Теперь Ника отобрала бы у себя медаль. Во-первых, потому что ее вопросы стали казаться ей дурацкими. А во-вторых, — разговор явно перестал нравиться ее собеседнице.
— Потому что я не смогу больше так часто приезжать сюда, к папочке…
Малышка больше не бегала. Она замерла в последних следах, в которые наступила, и, вяло качая ногой, расчищала снег перед собой.
— Но зато, — тут же добавила Малышка, заметно приободрившись, — уже с июня мне больше не придется лежать в больнице! Антошка говорит, что к тому времени я полностью выздоровею.
Единственного Антошку, которого знала Ника, был сетью магазинов с товарами для детей. Поэтому она решила уточнить.
— Это мой врач. Он очень хороший!
На этом вопросы Ники, даже неприятные, иссякли. Да и кушать хотелось все сильнее. Малышка провела ее до столовой, отказавшись присоединиться к завтраку, потому что «мы с папочкой уже позавтракали!». Так что Ника ела в одиночестве. Это спровоцировало ее былые раздумья. Чем таким могут болеть пятилетние, здоровые на вид дети, чтобы им приходилось лежать в стационаре, но на выходные иметь возможность «приезжать к папочке»?
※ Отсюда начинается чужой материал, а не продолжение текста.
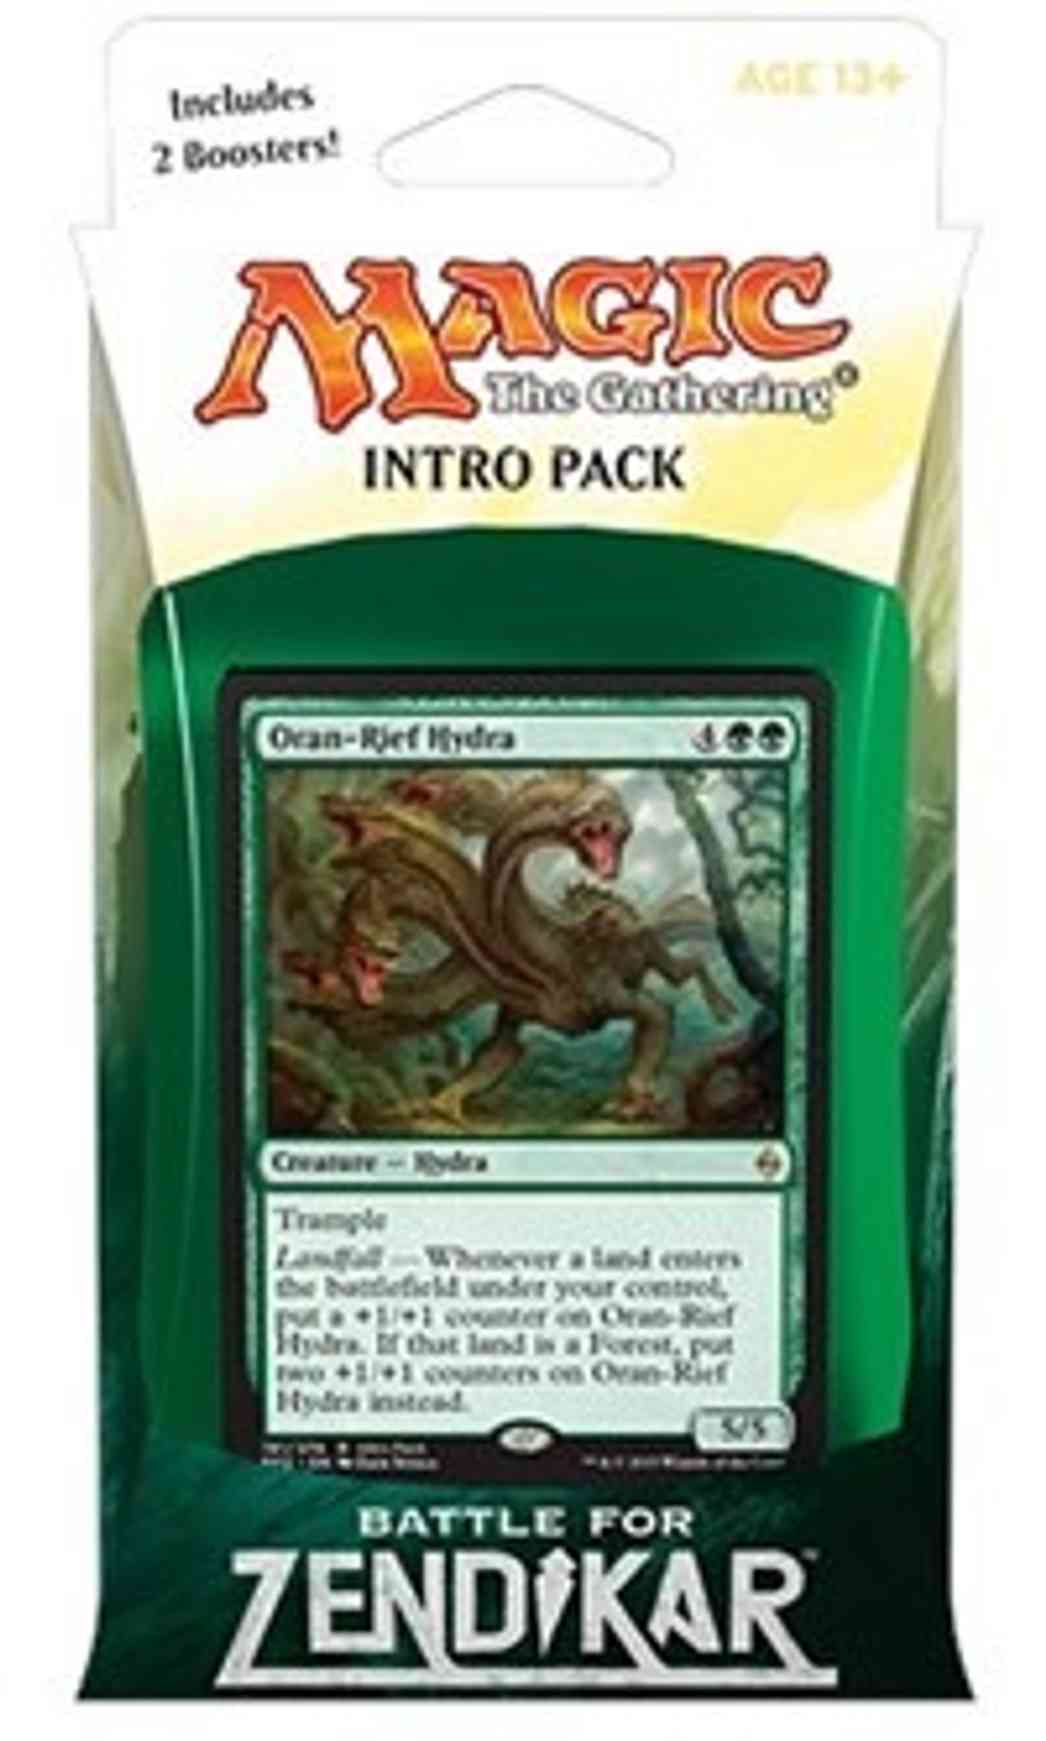 Battle for Zendikar Intro Pack - Green magic card front
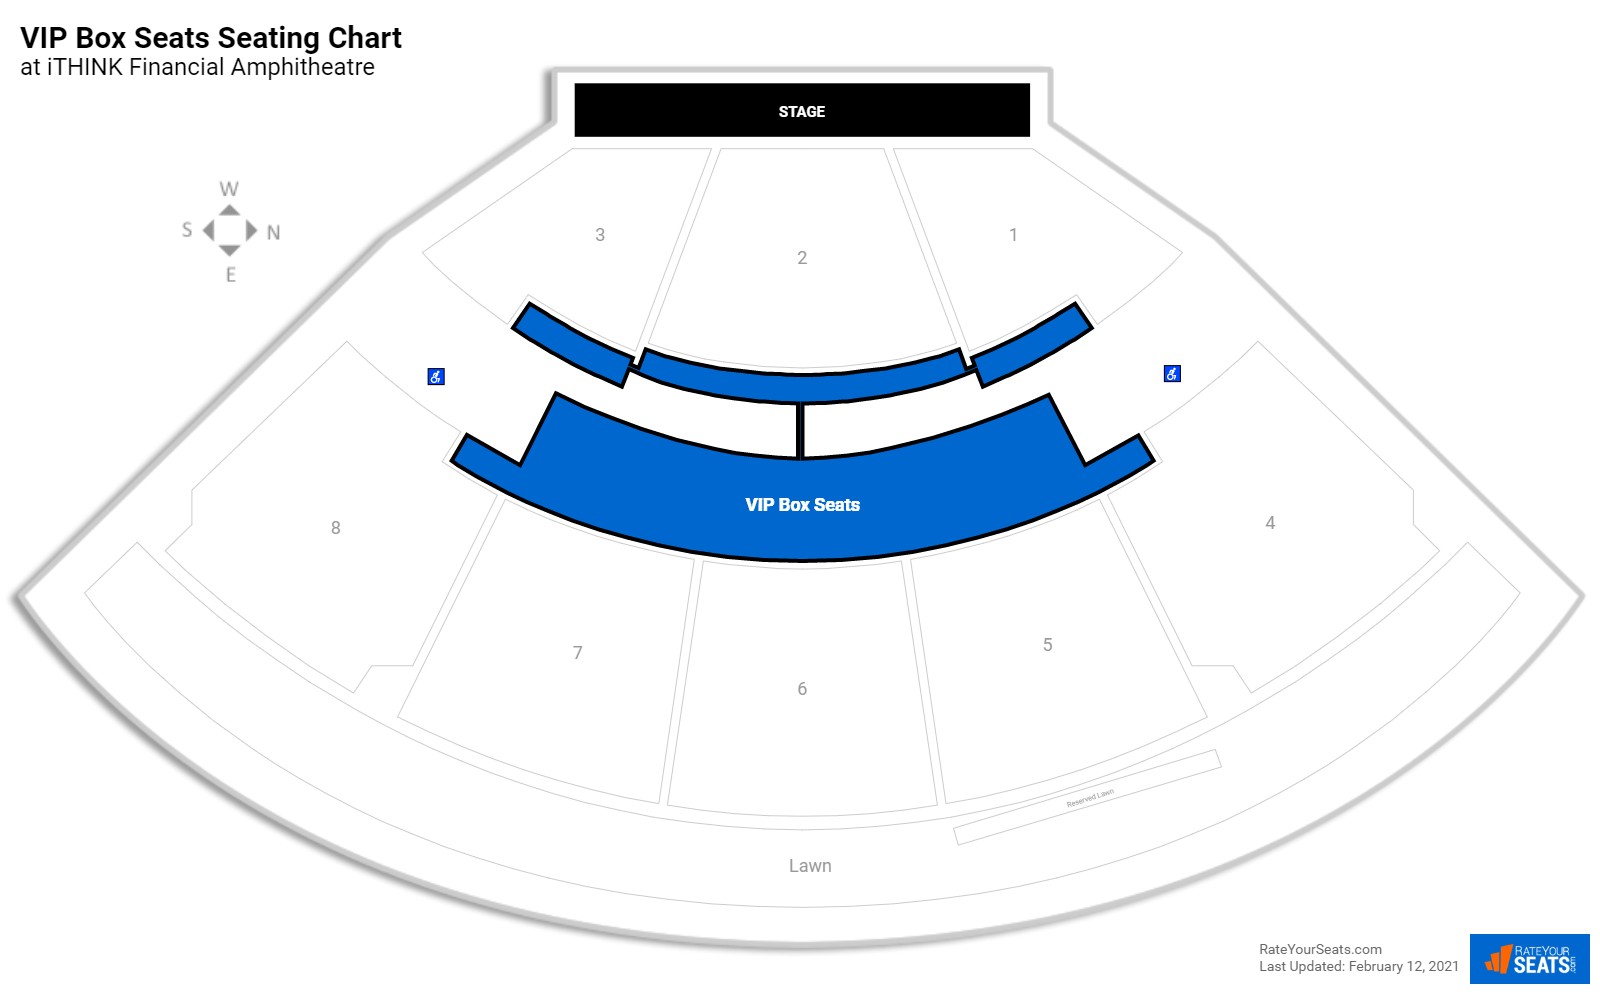 Cruzan Amphitheater West Palm Beach Seating Chart

Следующая встреча с Малышкой оказалась менее радостной. Хотя начиналось все хорошо.
— Тук-тук, — сказал Дима, заглядывая в комнату номер четырнадцать.
Хотя он «постучался», Ника глянула на него злобно. Она не была готова принимать гостей. Все было в пределах приличий, но как раз десять минут назад Ника решила попрактиковать новые прически. Получалось отвратительно. Поэтому, когда в комнату заглянул Дима, Ника стояла перед зеркалом с несколькими кривыми маленькими косичками у лица, не понимая, что теперь с ними делать.